Competency and Competency
Are they the same?
Why is Competency important?
Competency is the potential integrator between all HR processes.
But, as the organizational psychologist Paul Sparrow said, when the concepts are not clear organizations “build and integrate HRM systems on a bed of shifting sand”
Download our A-Z guide that lists and clarifies all the concepts and terminology.
Competence and Competency - in the Dictionary
Some dictionaries treat them as having the same meaning –
Business Dictionary1 – Competence
- A cluster of related abilities, commitments, knowledge, and skills that enable a person (or an organization) to act effectively in a job or situation.
Competence indicates sufficiency of knowledge and skills that enable someone to act in a wide variety of situations. Because each level of responsibility has its own requirements, competence can occur in any period of a person’s life or at any stage of his or her career.
Business Dictionary – Competency
The Oxford dictionary has competence as a noun – The ability to do something successfully or efficiently.
In contrast a competency is usually described as an action – a behaviour, skill or use of knowledge.
So competence is a state – the successful achievement of one or more competencies.
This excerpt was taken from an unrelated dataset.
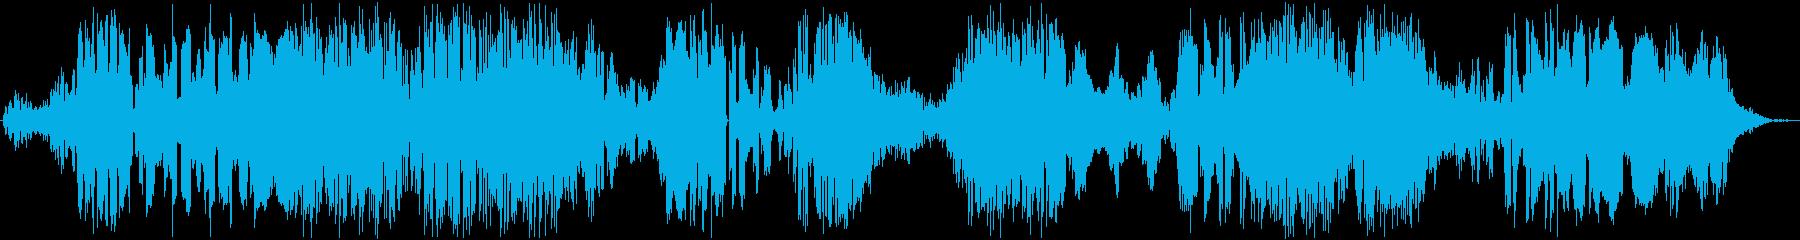 イメージ R2D2 アップインスペ...の再生済みの波形

Another source2 claims that there is a difference – that competence is about skills, standards and measurement whereas competency is about behaviour, how the standards are achieved.
Since both behaviour and skills, (as opposed to knowledge), are actions the concepts have been confounded.
So – What is the difference between competency and skill?
Some definitions of competency are abbreviated as KSA where K is Knowledge and S is Skill and the A can be ‘abilities’ or sometimes ‘attitudes’.
We define competency as observable Knowledge, Skill and their appropriate Application on the job.
Skill is just one component of competency. Abilities and attitudes are not reliably observable – so best avoided in competency definition.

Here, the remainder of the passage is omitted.